Hubmed Page: Role of Cardiac ATP-Regulated Potassium Channels in Differential Responses of Endocardial and Epicardial Cells to Ischemia

This 8-page article quantifies in great detail the ATP sensitivity of ATP-regulated potassium channels, often referred to as IK(ATP). As the article shows by many references, it’s known that the epicardium of the heart is more sensitive to lack of oxygen (and therefore metabolic energy in the form of adenosine triphosophate — ATP) than then endocardium of the heart. The authors of this study first measured currents from ATP-regulated potassium channels in the presence of CN (cyanide, which blocks the generation of ATP), and then more directly pulled off patches of cell membrane with ATP-regulated potassium channels, and tested them in the presence of varying concentrations of ATP. In both cases, action potentials (the way in which cardiac cells ‘fire’ to initiate contraction and signal each other) were shortened more in the epicardial patches than in those from the endocardium.
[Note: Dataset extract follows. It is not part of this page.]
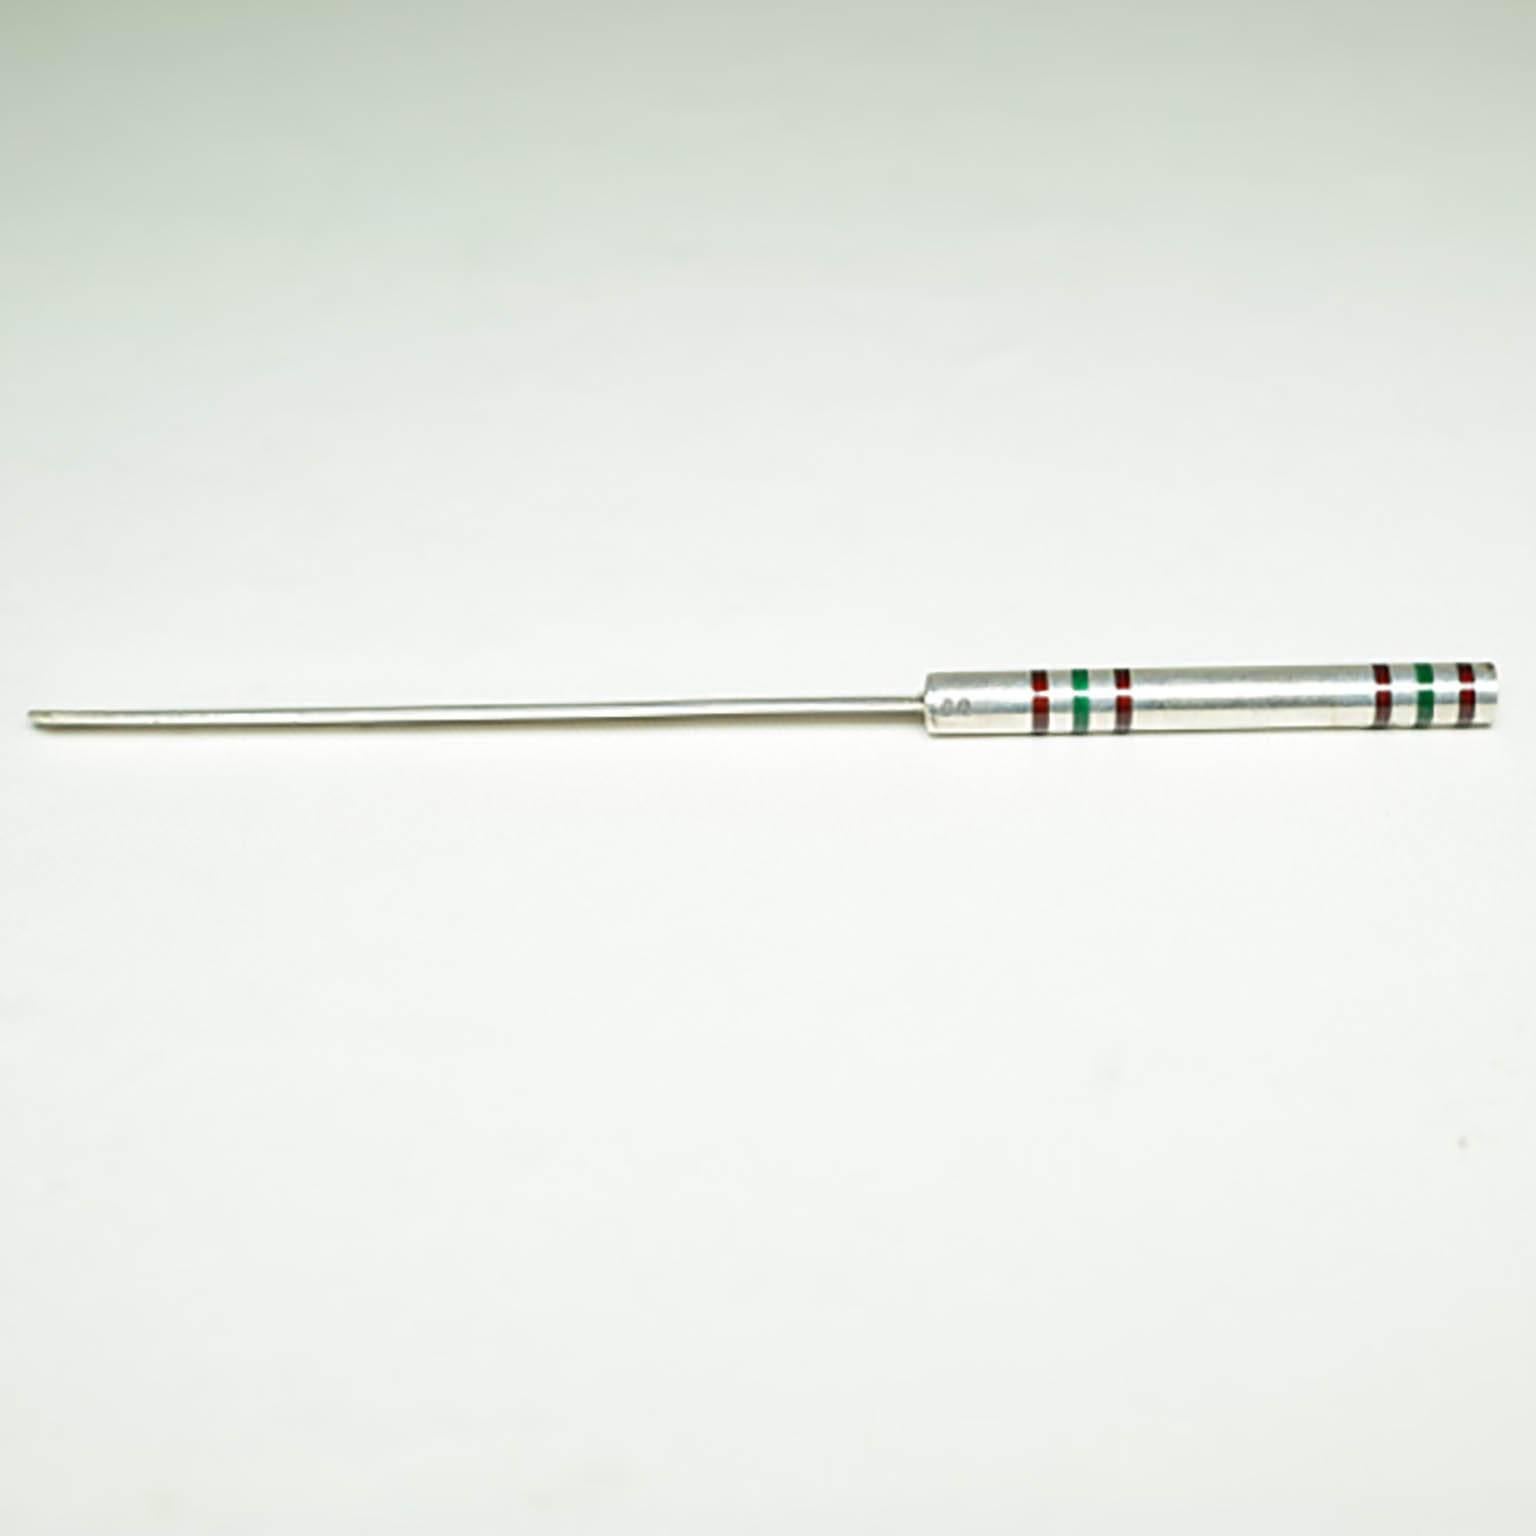 Sterling silver letter opener from Tiffany with bands of green and red enamel.

The degree to which this shortening occurred and at what concentrations is well-documented in the article.
The results of this study are clear, well-presented, and extremely useful in modeling ischemia in the heart. It’s a long read, with a ton of experimental detail, but the results are worth slogging through all of that. This fundamental article on ATP-regulated potassium channels is a must-read for anyone wanting to study ischemia and infarction in the heart.